What this task involves: Where a line of the records contains the word "Explorer", show that line.

Available data:

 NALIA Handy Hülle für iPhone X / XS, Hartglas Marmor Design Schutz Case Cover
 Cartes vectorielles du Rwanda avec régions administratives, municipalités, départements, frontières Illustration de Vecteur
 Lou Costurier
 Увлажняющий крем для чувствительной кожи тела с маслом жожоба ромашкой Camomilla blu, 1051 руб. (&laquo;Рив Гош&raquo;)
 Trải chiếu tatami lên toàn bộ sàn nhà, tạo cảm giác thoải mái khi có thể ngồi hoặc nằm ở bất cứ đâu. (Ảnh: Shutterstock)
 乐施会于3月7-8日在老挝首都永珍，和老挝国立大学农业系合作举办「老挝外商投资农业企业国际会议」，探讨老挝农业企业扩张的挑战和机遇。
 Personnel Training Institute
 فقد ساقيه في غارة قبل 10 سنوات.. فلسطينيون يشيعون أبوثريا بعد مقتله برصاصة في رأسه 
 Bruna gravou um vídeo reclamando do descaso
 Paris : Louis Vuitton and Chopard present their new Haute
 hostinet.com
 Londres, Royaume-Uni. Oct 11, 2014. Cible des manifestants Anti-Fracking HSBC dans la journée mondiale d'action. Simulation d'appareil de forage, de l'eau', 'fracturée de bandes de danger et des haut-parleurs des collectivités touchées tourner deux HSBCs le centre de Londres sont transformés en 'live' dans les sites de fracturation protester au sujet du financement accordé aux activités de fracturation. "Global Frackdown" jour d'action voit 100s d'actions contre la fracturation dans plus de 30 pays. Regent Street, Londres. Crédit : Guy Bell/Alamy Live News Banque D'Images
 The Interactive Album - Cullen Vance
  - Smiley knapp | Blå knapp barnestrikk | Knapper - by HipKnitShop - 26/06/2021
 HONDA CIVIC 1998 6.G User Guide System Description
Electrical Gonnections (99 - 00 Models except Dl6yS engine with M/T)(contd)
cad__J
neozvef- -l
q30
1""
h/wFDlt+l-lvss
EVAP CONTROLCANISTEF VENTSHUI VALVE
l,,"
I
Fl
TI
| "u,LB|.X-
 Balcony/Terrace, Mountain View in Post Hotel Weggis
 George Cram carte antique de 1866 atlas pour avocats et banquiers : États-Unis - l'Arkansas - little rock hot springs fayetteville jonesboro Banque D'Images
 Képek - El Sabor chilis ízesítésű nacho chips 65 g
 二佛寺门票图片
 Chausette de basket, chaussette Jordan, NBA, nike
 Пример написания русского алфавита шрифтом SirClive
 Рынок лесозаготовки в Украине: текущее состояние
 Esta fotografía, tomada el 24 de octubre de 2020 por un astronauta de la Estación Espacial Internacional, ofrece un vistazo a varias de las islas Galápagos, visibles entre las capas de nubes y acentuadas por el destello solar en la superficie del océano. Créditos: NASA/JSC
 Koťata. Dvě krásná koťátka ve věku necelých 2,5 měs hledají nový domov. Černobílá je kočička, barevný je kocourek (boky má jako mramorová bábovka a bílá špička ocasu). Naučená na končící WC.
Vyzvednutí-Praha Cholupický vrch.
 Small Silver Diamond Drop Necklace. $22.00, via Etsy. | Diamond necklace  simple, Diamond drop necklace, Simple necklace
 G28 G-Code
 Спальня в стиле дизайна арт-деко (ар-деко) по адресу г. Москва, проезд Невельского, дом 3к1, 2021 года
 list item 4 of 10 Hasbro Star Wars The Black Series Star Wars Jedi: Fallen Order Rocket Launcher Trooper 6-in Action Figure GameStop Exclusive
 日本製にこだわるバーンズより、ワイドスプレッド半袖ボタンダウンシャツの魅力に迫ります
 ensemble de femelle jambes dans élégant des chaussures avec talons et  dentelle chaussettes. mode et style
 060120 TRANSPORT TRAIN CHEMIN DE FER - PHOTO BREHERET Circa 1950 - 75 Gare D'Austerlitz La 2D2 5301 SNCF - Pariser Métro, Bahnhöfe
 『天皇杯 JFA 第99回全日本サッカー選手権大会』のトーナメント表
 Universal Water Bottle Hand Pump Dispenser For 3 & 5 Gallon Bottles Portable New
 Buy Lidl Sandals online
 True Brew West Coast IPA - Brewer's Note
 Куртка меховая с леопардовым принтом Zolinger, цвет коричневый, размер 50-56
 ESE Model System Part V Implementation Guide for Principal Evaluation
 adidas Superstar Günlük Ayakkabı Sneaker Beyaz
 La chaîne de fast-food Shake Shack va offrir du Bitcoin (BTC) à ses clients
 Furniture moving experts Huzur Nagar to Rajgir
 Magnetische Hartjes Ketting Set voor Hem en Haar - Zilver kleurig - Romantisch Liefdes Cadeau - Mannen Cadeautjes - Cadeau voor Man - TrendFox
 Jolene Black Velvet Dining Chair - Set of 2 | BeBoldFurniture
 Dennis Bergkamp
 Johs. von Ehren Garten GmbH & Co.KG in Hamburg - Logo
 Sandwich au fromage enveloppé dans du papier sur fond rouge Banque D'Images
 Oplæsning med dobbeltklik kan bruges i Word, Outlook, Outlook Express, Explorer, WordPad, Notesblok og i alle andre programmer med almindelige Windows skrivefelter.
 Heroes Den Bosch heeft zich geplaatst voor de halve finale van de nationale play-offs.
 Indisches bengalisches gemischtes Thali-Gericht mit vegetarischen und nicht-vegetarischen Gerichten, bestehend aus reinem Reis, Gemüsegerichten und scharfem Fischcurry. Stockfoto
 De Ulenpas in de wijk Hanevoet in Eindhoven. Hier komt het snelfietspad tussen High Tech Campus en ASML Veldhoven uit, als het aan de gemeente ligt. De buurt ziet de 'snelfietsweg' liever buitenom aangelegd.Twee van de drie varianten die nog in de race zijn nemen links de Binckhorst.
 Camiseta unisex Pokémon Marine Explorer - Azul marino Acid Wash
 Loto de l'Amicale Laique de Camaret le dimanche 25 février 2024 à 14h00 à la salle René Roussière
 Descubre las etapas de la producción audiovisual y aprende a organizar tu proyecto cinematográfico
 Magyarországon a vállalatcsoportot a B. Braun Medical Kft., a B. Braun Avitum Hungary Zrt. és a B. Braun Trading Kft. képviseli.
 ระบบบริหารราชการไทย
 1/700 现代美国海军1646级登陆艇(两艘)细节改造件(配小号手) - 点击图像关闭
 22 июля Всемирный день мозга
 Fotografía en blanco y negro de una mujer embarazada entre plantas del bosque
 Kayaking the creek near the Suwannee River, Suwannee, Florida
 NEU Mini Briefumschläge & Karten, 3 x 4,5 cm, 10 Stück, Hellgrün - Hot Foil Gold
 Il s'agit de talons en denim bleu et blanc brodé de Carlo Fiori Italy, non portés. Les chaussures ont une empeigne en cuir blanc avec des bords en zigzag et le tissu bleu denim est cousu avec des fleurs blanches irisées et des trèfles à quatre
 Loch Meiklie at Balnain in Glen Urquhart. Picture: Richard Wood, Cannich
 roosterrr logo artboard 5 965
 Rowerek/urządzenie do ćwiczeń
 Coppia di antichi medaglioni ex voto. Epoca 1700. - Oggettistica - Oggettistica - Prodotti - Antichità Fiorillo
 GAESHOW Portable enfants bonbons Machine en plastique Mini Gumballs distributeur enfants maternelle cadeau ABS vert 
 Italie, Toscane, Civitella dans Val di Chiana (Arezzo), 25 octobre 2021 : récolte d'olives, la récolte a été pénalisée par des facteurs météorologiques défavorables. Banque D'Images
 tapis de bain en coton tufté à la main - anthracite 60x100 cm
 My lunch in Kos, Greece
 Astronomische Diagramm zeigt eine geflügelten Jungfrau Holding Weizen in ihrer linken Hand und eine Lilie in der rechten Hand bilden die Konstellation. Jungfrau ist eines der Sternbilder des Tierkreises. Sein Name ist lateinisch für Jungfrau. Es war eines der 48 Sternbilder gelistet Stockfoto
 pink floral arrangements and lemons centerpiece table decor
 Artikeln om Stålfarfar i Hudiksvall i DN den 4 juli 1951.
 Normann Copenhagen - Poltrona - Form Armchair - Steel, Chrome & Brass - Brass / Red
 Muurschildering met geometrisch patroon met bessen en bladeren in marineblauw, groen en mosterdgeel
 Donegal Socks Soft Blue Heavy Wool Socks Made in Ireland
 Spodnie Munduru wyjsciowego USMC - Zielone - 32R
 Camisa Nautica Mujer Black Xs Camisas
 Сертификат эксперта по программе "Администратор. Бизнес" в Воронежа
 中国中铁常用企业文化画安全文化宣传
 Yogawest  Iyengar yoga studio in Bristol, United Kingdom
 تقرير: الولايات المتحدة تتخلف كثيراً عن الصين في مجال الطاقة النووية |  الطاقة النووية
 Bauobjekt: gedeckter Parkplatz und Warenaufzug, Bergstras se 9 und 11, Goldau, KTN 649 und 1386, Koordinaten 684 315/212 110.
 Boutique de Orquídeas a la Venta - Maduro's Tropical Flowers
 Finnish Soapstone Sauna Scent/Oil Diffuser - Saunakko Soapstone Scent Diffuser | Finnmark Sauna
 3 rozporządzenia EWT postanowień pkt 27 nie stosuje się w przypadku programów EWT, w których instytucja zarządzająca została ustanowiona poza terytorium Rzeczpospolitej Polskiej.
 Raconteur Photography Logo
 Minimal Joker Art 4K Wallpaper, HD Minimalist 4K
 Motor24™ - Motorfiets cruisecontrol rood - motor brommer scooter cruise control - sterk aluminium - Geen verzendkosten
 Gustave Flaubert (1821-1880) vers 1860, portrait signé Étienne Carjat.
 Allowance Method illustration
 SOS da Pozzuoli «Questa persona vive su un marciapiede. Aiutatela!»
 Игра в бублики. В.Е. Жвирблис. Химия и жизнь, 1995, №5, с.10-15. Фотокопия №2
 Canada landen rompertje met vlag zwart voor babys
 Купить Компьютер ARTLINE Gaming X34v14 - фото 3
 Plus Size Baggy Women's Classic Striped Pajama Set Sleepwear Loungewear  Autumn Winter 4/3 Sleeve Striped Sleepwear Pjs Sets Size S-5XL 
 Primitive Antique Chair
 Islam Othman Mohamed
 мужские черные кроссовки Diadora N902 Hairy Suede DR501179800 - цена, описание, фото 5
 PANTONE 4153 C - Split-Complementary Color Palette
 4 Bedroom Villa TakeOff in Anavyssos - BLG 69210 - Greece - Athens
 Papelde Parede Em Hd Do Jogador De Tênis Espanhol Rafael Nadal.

Completed task:
 Oplæsning med dobbeltklik kan bruges i Word, Outlook, Outlook Express, Explorer, WordPad, Notesblok og i alle andre programmer med almindelige Windows skrivefelter.
 Camiseta unisex Pokémon Marine Explorer - Azul marino Acid Wash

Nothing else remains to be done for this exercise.